I suppose you could say we have World War II to thank.
Upon returning from the war, soldiers had their GI benefits to enjoy and a deep-seated desire to start a family. And so was born (quite literally) the baby boom, and an accompanying surge in home buying.
Out of the ashes of destruction arose an American middle class and the first generation able to more broadly buy homes with long-term mortgages.
Their kids, the now infamous baby boomers, decided this home-owning thing was a good idea. When their turn came in the 1970s, they surged into the real estate sector like a pig moving through the python!
By early 2006, they had convinced themselves and everyone else that real estate only goes up…
What a painful, rude awaking the 2006 to 2012 housing collapse was! I strongly warned of this in late 2005 in my newsletter. With 2008 the hardest time during that six-year period, and the subprime crisis of monumental proportions, it blew hardworking Americans out of the water and then drowned them in underwater mortgages, debt defaults and disgrace.
Thanks to my demographic and cycle research, this event was no surprise to us…
Personally, I was out of real estate early enough for the downfall between 2006 and 2012 to not impact my wealth in any way. And I’d warned my subscribers many times about the looming crisis, so many of them were also safely out of the sector when the sword fell as well.

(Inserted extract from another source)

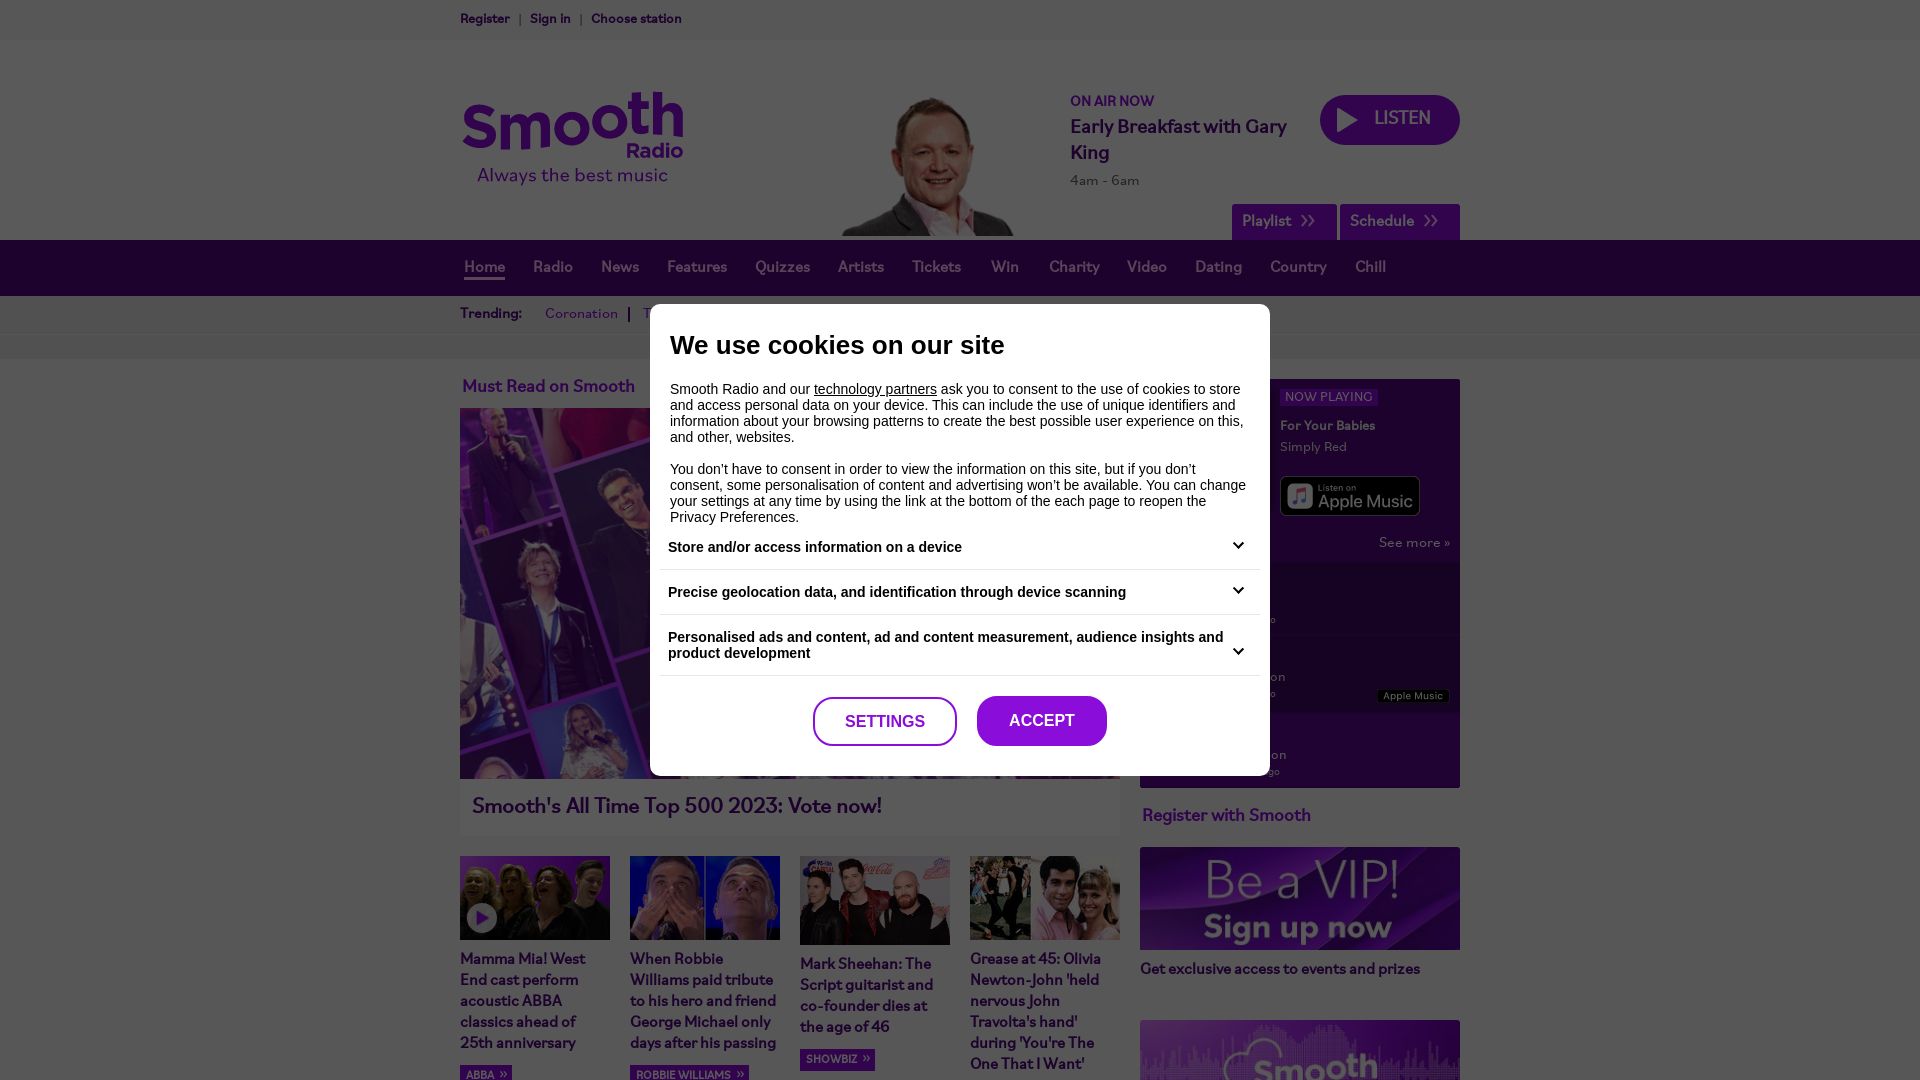 Website status smoothradio.com is   ONLINE

I’ve actually received many notes from readers over the years telling me how my warnings saved them a fortune when the real estate bubble burst. One business person in our Network told me that he was spared millions by getting out of his real estate just before the crash. He was in the process of buying a building in South Florida in 2006 that was going to cost him somewhere between $10 million and $15 million. After attending one of our Demographics Schools (pre Irrational Economic Summit days) in Minneapolis, St. Paul, he hauled his board of directors out to a meeting with Rodney and me, and based on our research, cancelled that purchase. He’s grateful he did!